Our Lady of Sorrows Project: 5th Sorrow – The Crucifixion of Jesus

So far…

1st Sorrow – The Prophecy of Simeon
2nd Sorrow – The Flight into Egypt
3rd Sorrow – The loss of the Child Jesus in Jerusalem
4th Sorrow – Mary meets Jesus on the way to Calvary

Now we turn to…

The Crucifixion of Jesus. (Matthew 27:34–50, Mark 15:23–37, Luke 23:33–46, John 19:18–30)

If we see Crucifixion as a process, this is also possibly the 10th, 11th, and 12th Stations of the Way of the Cross, namely, Jesus is stripped of His clothes Jesus is nailed to the Cross, and Jesus dies on the Cross. It is also the 5th Sorrowful Mystery of the Most Holy Rosary. Associated with this mystery is the practice during the Triduum of the Seven Words, that is, the phrases in Scripture which Jesus spoke during His physical Crucifixion until His death.
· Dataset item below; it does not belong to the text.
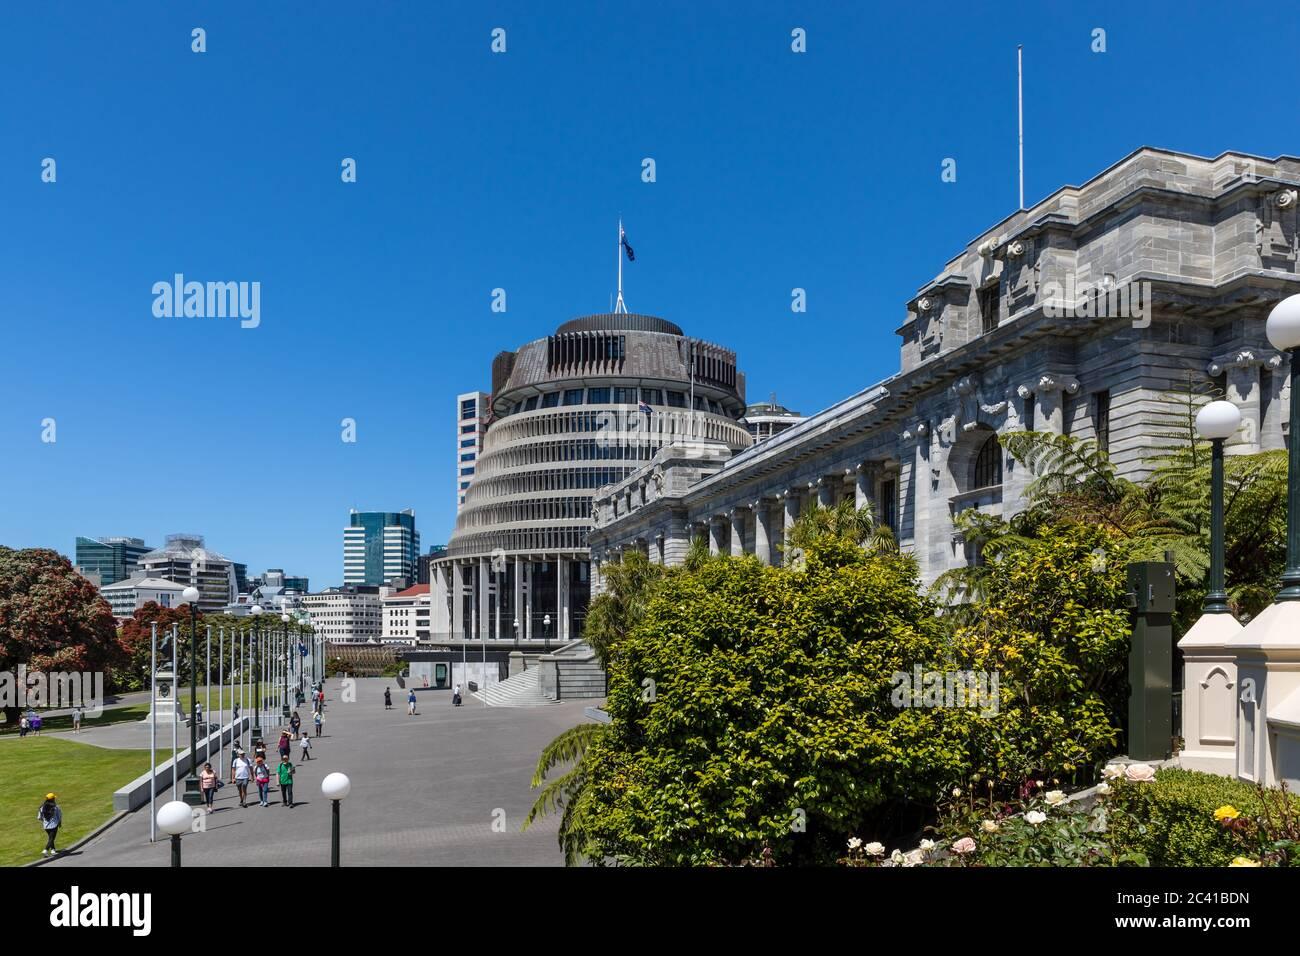 Wellington, Nueva Zelanda: El 'Beehive' (izquierda) es el nombre común para el ala ejecutiva del edificio del Parlamento de Nueva Zelanda (derecha) Foto de stock

Along the way in these reflections, I have tried to weave together the possibility of Mary’s Sorrows together with Mary’s joy at each of the challenging and painful events in her life with and apart from the Lord, in her life of ministry to and ministry with the Lord.  Let’s continue in that vein.

Mary was the most profound minister to Jesus.  In His earthly ministry, there were those who accompanied the Lord and provided material help for Him and the Apostles.  Mary literally gave her blood and flesh and breath to Him as He was being knit together under her Immaculate Heart.  She continued to minister to Him as a child and as a young man.  There is a moment when she was outside a house where Jesus was, and she was trying to see Him.  Was Mary one of those who, at some remove, accompanied the Apostles and the Lord?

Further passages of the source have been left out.